Swedish–Finnish opera singer and composer

Betty Natalie Boije af Gennäs (14 February 1822 - 14 November 1854), was a Swedish–Finnish opera and concert singer (contralto) and composer.

==Biography==
Boije was born on 14 February 1822 in Jakobstad, Grand Duchy of Finland to the Swedish nobleman Klas Otto Boije af Gennäs and Marianna Horn af Rantzien. Through her father Boije was a member of the Boije af Gennäs family. Boije was one of eight children and was the sister of the pianist Wilhelmina Boije. Boije was raised in Finland, were her father had a position at the customs office of Pori.

Betty Boije debuted as a concert singer in Turku in 1847.
From 1847 to 1848, Boije was a student of the Swedish composer Isidor Dannström. She made a successful tour as a concert singer in Turku, Helsinki, Reval and Saint Petersburg. In 1849, she made her debut in Stockholm in Sweden. She was active as an opera singer at the Royal Swedish Opera in Stockholm in 1850-1851. She was described as an excellent alto and was given particular praise as Nancy in Martha, in which she made such a success that she was made to act in it again and again. She herself chose to leave the stage and return her profession as a concert singer.
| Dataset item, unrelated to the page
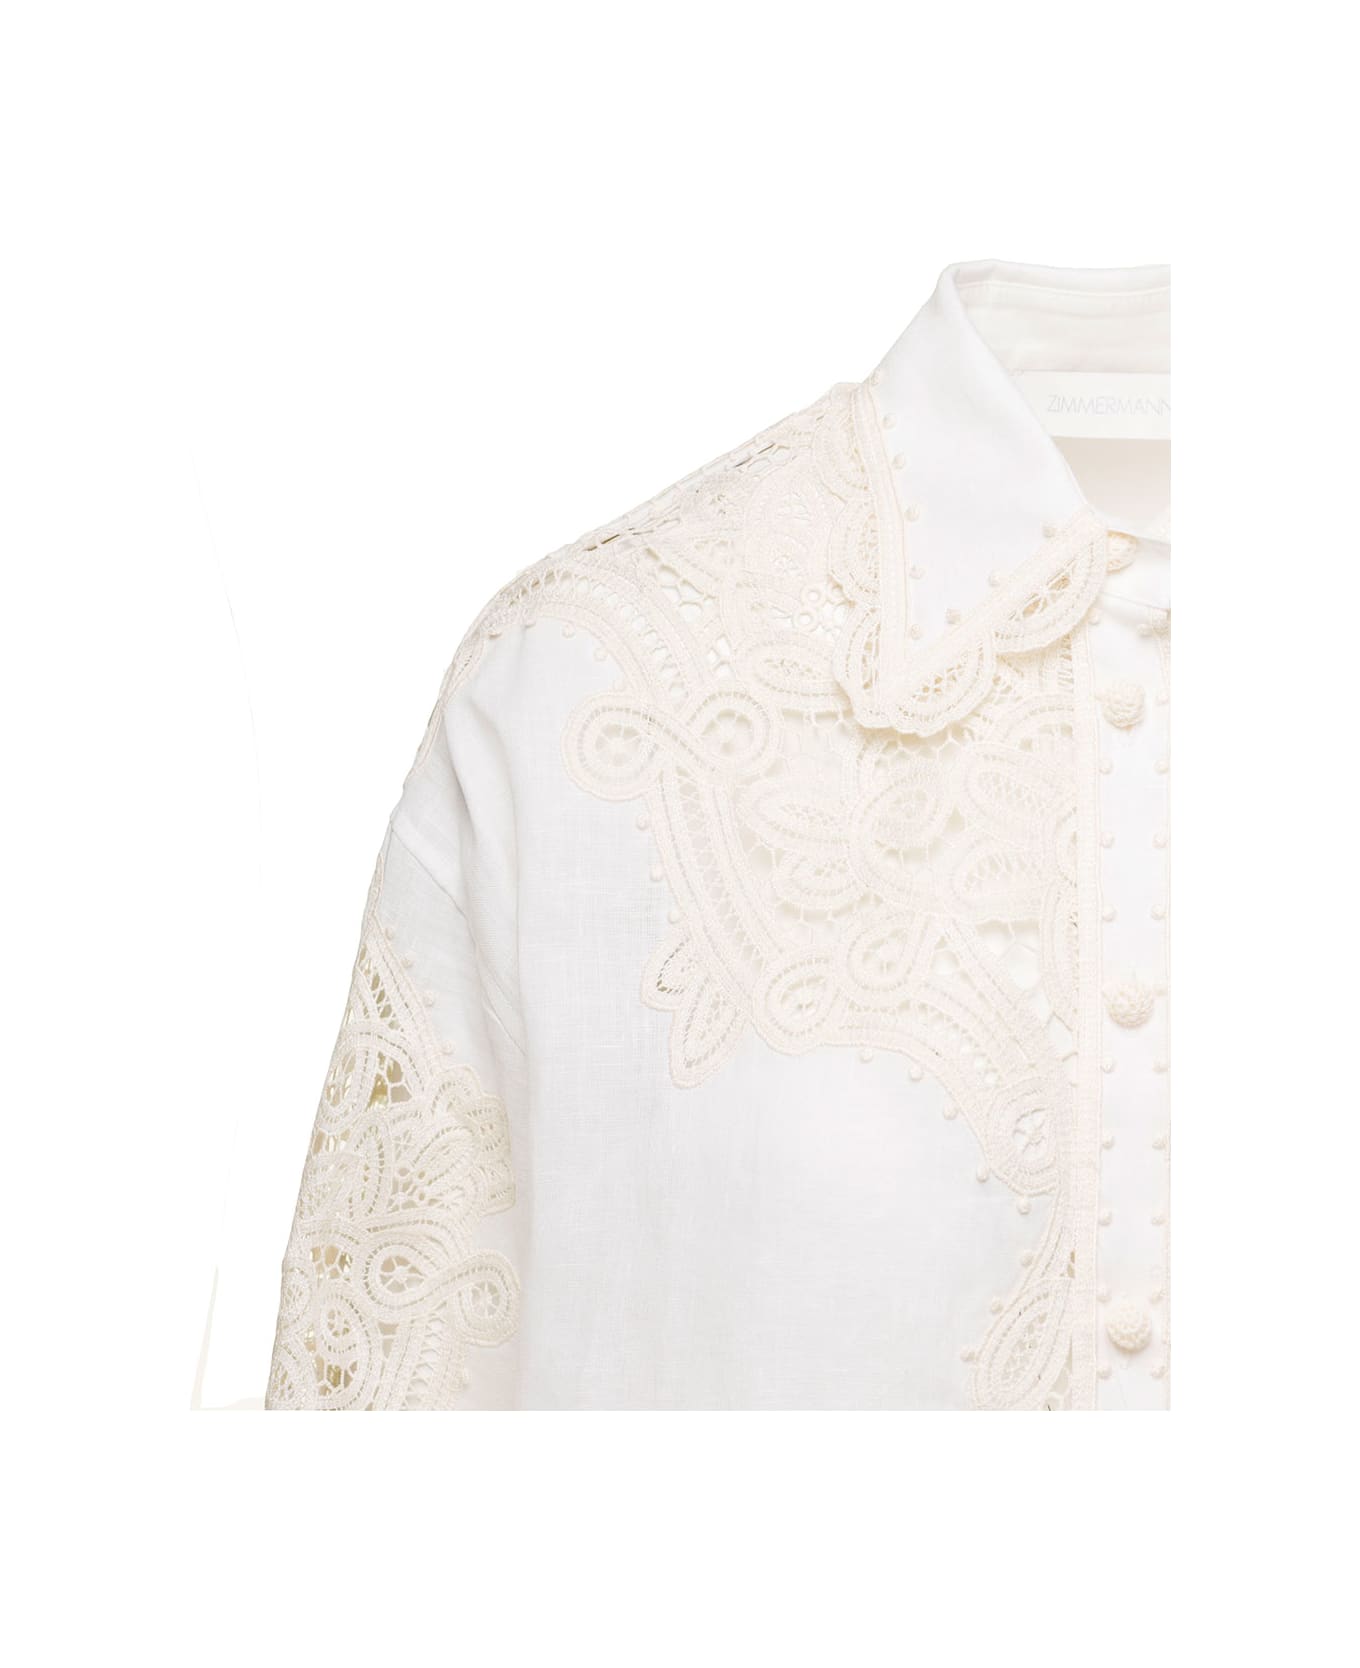 Zimmermann 'tiggy' White Shirt With All-over Lace Inserts In Linen Woman - White

She performed in Finland, Denmark and Norway.

In 1853-54, she toured as a concert singer with her spouse and her sister in Great Britain and the United States. She made a success in London, where she performed with Louise Michaeli with her sister. In the United States, she performed in Washington and New York. After her performance in New York, however, she became ill, and they decided to discontinue the tour and return to Sweden. She died not long after their return.

She was also a composer.

Betty Boije was the first noblewoman to be professionally active as a stage performer in Finland and Sweden. The profession was not regarded to be suitable for a member of the aristocracy in this time period. Although Betty Boije's father was indeed a nobleman, he was not rich, and her sister also supported herself as an artist (in her case a pianist). Betty Boije's widower Isidor Dannström, in his late biography over her, claimed she had never acted on stage and merely performed as a concert singer.

==Personal life==
In 1853, Boije married Isidor Dannström.